Photographing Fireworks Cheat Sheet
Published: June 29 2016
What better way is there to celebrate the 240th anniversary of the Continental Congress adopting the Declaration of Independence than to watch a spectacular aerial display of colorfully explosive (theoretically contained) pyrotechnics? Surely, there are already a bazillion pictures of fireworks popping off in the sky, but you don't feel like watching the actual show. You want to see it through your 3" LCD screen, shot by shot.
I kid, I kid. Taking pictures of fireworks is a lot of fun, but getting that perfect bouquet of exploding light isn't as easy as it looks. Equal in quantity to the amount of fireworks pictures are the amount of fireworks photography tutorials out there. I'm not going to reveal any groundbreaking tips that you won't find through a basic Google search, but if you somehow found yourself here, and are still scratching your head, fear not. Here is another one:
Get a darn tripod, and get a good spot. You're not going to get far by hand-holding the camera. If you can hold a camera during a second exposure without introducing motion blur, I'd like to shake your immaculately steady hand. Either way, if you want the typically pretty firework shot, you'll want something to keep it stable, like a darn tripod. I'm a fan of gorilla pods, because you can get very low with them; still not the most stable of options, but it's something. Pro-tip, and this usually accounts for everything: put down the corn dog and get there early. If you get there late, you're just asking for a crappy spot, shooting clouds of smoke in between trees and screaming children.
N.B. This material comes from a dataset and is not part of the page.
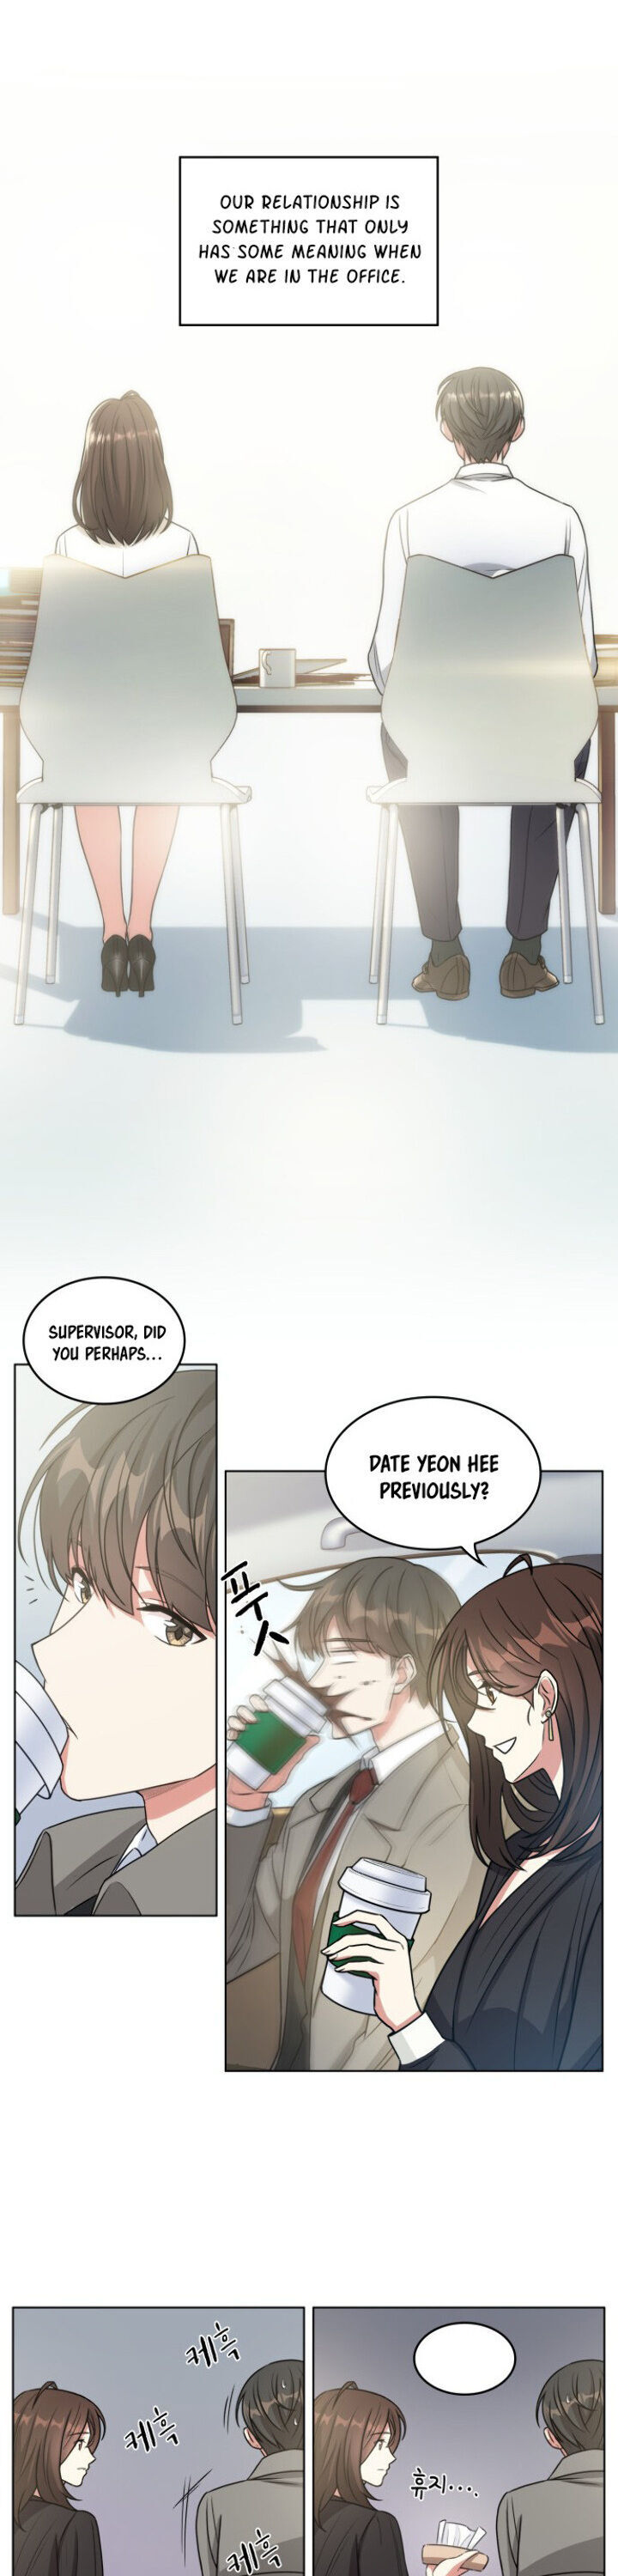 My Office Noona’s Story - Chapter 16 Page 12

My advice is to go wide, anywhere from 35 downward. Think about it for a second, no, give it a couple more seconds...If you shoot with a 200 mm lens, you're going to get some abstract pictures for sure, but your friends on Facebook are probably going to think that you were on heavy medication over the break. Generally, you're going to want to shoot to crop when you frame up your potential masterpiece. Although my friend Content Aware Phil is great at filling in small gaps, he's still got a long way to go before he can fill a frame, because you thought the telephoto range was good for fireworks.
Probably should have gone a little wider...
Emphasis on the word CHOOSE...I don't want to hear "But, but, but my camera has a fireworks mode..." OK that's great. Go for it, and then tell me how it's no different from any other scene mode. This is America. Your figurative gran’pappy fought for the right to choose exposure settings, so you best do just that.
Here's a list of things to set manually:
- Focus - Switch off auto, as it will only be searching for nothing in the dark with its poor AF assist beam. Set it to infinity instead. Set it and forget it!
- ISO - You'll probably want a lower ISO around 100-200. This prevents highlights from blowing out too much, and allows longer exposures without getting too much gain and unattractive noise in the dark parts of the frame.
- Aperture - A good baseline is f/8, but since you want a longer exposure, and probably want some depth of field, don't limit yourself.
- Shutter Speed - Here's probably the most important thing you'll have to mess with. You can set the set shutter speed to around one second, give or take...of course, this all depends on the ISO and aperture you chose, the intensity of light coming off the fireworks, and the amount of light pollution around...you might need to tweak it a little. A great way to play around with shutter speeds is to use the ominous Bulb Mode. This just means that your exposure is as long as you hold the shutter down. The trick is pressing the shutter down before it goes off, and releasing it when the burst is at its peak. Holding the shutter down longer means more pretty trails, but can also mean catching smoke. While this is a fun way to experiment, pressing down on the shutter can introduce shake...If only there was a device that allowed you to trigger the shutter remotely...
A remote is the perfect way to avoid shaking the heck out of your camera while mashing your finger on the shutter. This can potentially keep you off the ground, and it might even allow you to enjoy the show during exposure. If you don't have one, a good way to prevent shake is to use a short timer to delay the camera taking the picture. This might slow down the process, but hey, it's better than nothing.
Obtaining the ideal fireworks shot that can double as a desktop background is great and all, but everyone out there is trying to do that...Why not attempt something a little different? While the camera is exposing, you can try to carefully zoom the lens in or out to create that dramatic zooming blur. You can do it fast for a quick ghosting or throughout the whole exposure to make it look like you're warping through space at ludicrous speed.
If you're looking for a way to make your fireworks stand out a little more subtly, you can try out focus blurring. Since you have your focus manually, just rotate the ring while it's exposing to create trippy color effects. It almost looks like you're looking through a kaleidoscope. Hopefully, it's the camera, and not the punch you drank.
There are also means of combining two or more images into one, either in camera or out. It's a lot easier to do it in post, but note that most DSLRs do have a multiple exposure setting, should you want to experiment. Combining images is a lot of fun, and is worth a whole tutorial in itself.
One last tip is to practice some sort of safety. Whether it be at your local town park or in your backyard, always use precaution, and be quick on those toes. No one wants to explain why they only have one eyebrow...
Hope y'all have a fun and safe Independence Day!